From 6abb11aecd888d1da6276399380b7355f127c006 Mon Sep 17 00:00:00 2001
From: Markus Metzger <markus.t.metzger@intel.com>
Date: Tue, 25 Nov 2008 09:05:27 +0100
Subject: x86, bts, ptrace: move BTS buffer allocation from ds.c into ptrace.c

Impact: restructure DS memory allocation to be done by the usage site of DS

Require pre-allocated buffers in ds.h.

Move the BTS buffer allocation for ptrace into ptrace.c.
The pointer to the allocated buffer is stored in the traced task's
task_struct together with the handle returned by ds_request_bts().

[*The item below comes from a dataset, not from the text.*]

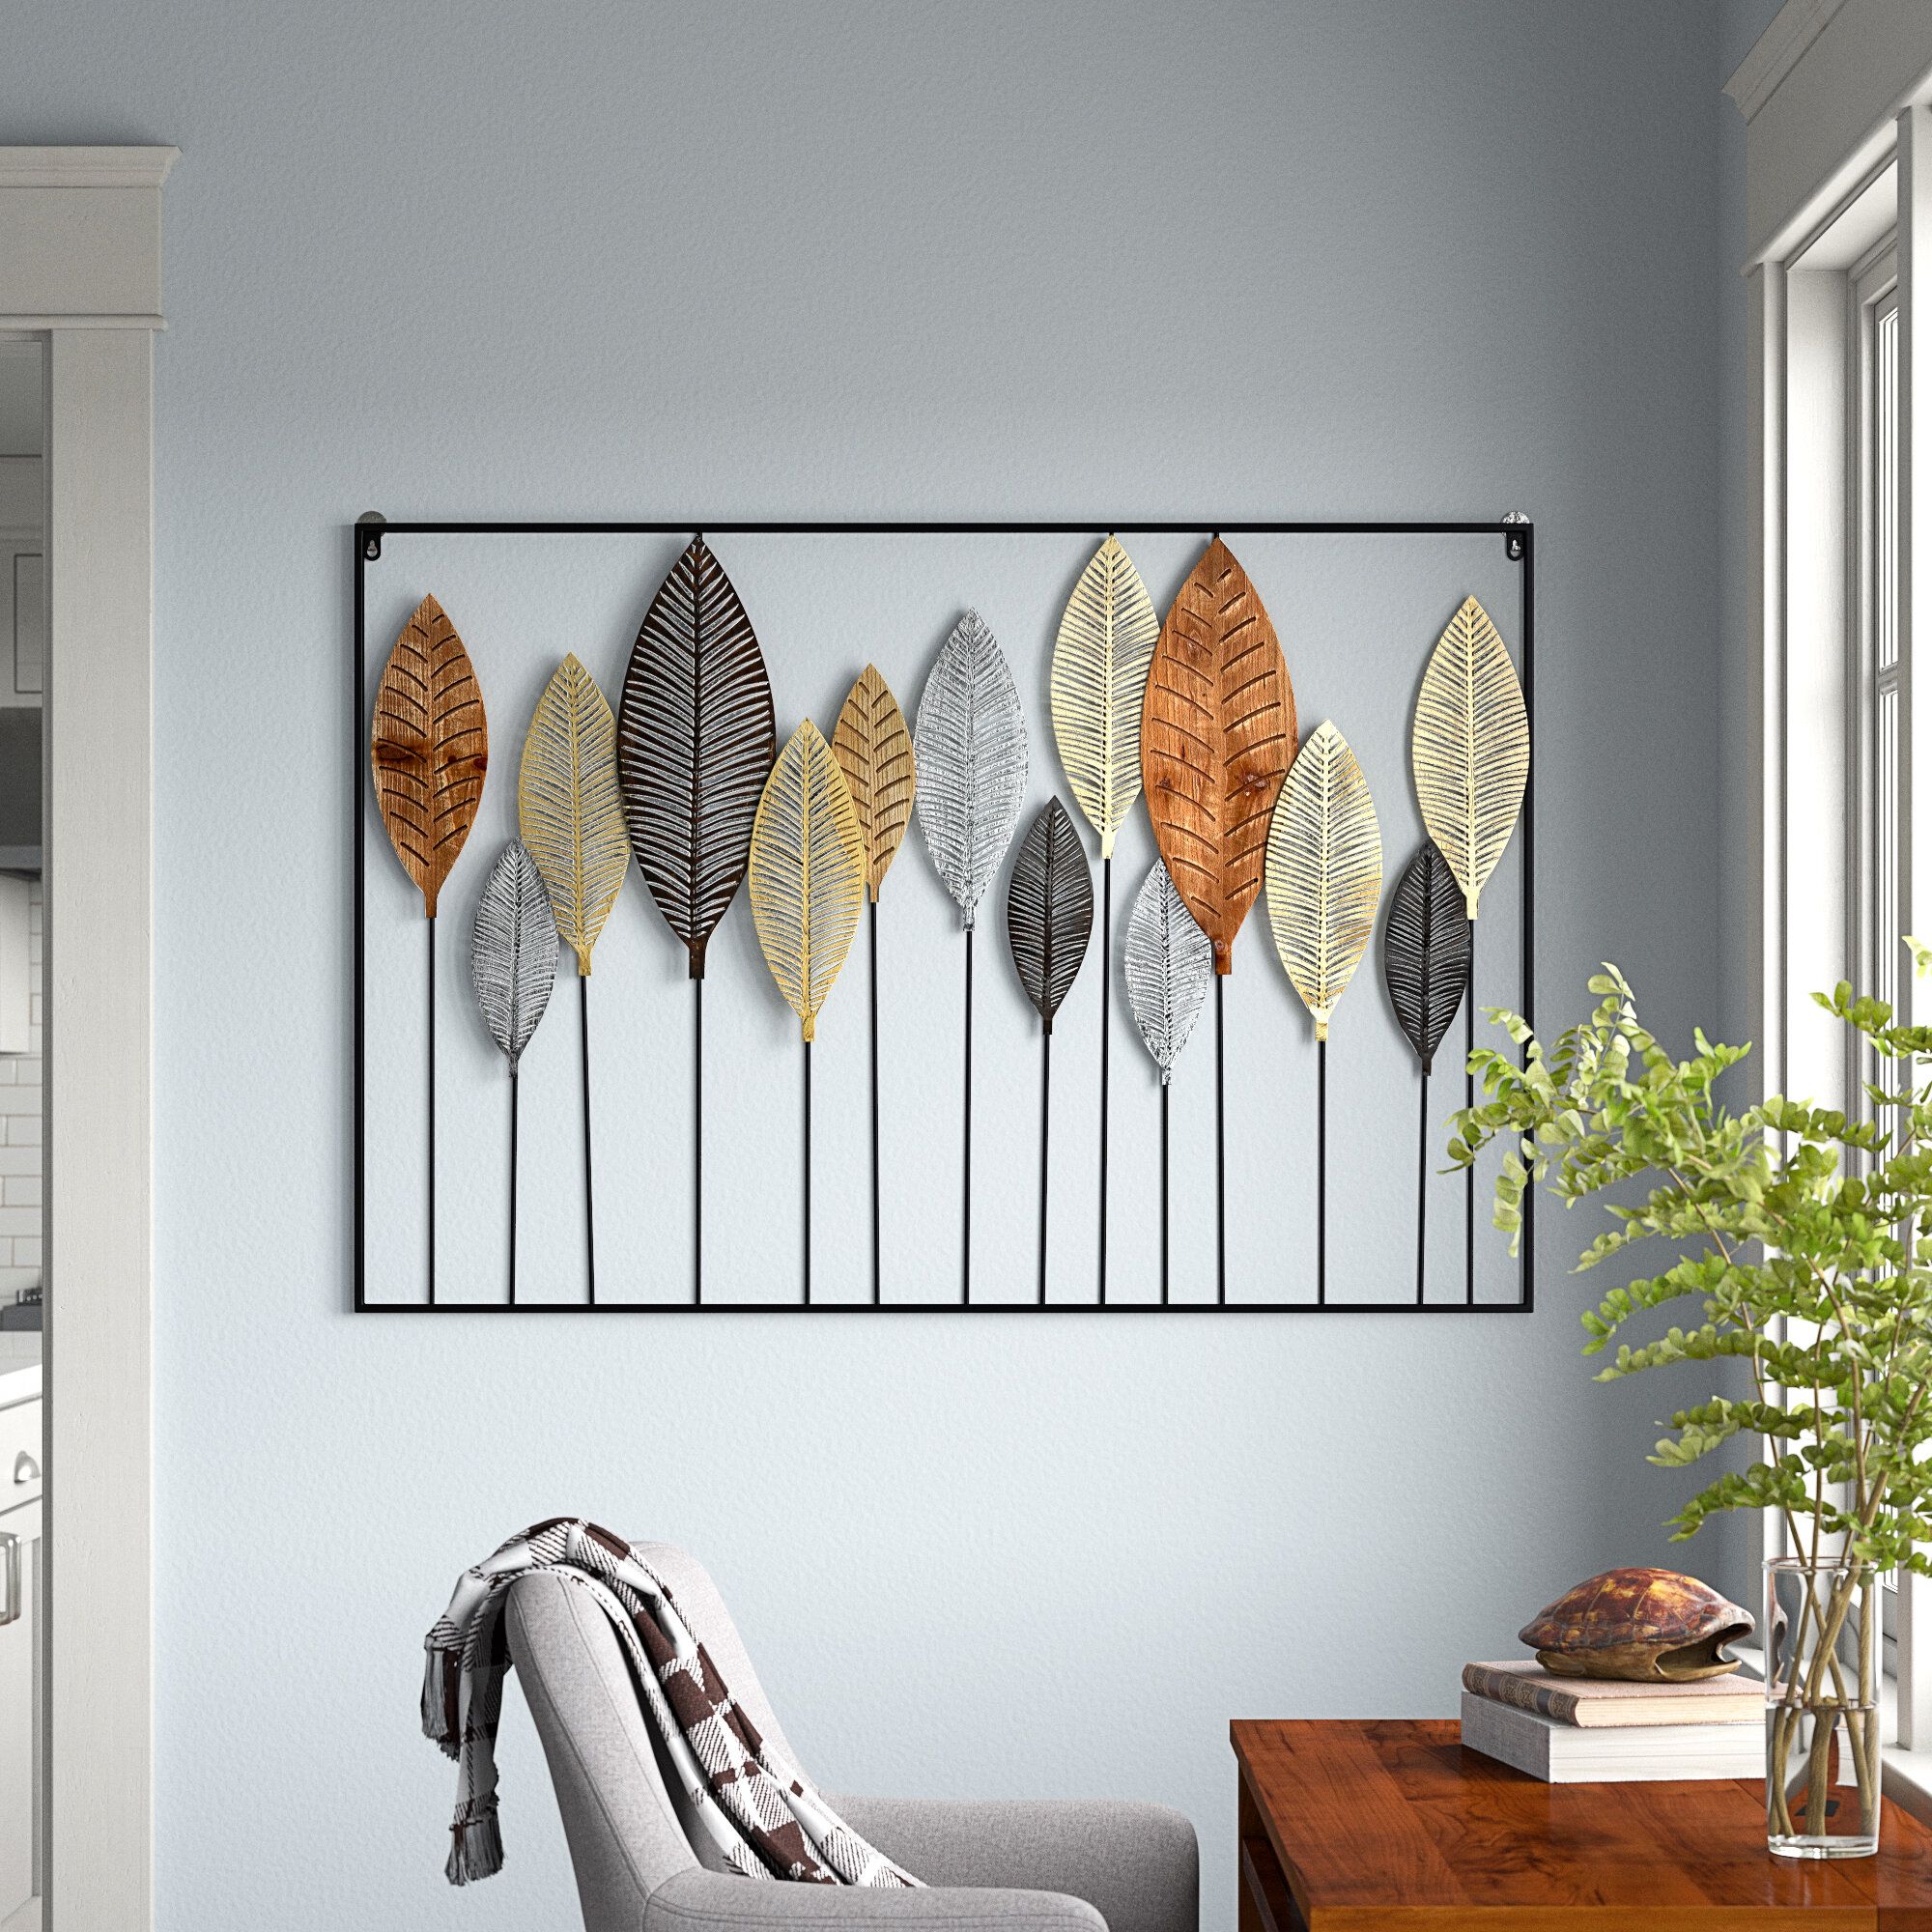 Andover Mills™ Multi Colored Metal Tall Cut Out Leaf Wall Décor With  Intricate Laser Cut Designs 47" X 1" X 32" & Reviews | Wayfair For Most Recently Released Tall Cut Out Leaf Wall Art (Gallery 1 of 20)

Removes memory accounting code.

Signed-off-by: Markus Metzger <markus.t.metzger@intel.com>
Signed-off-by: Ingo Molnar <mingo@elte.hu>
---
 arch/x86/kernel/ds.c     | 92 ++++++++----------------------------------------
 arch/x86/kernel/ptrace.c | 22 ++++++++++--
 2 files changed, 34 insertions(+), 80 deletions(-)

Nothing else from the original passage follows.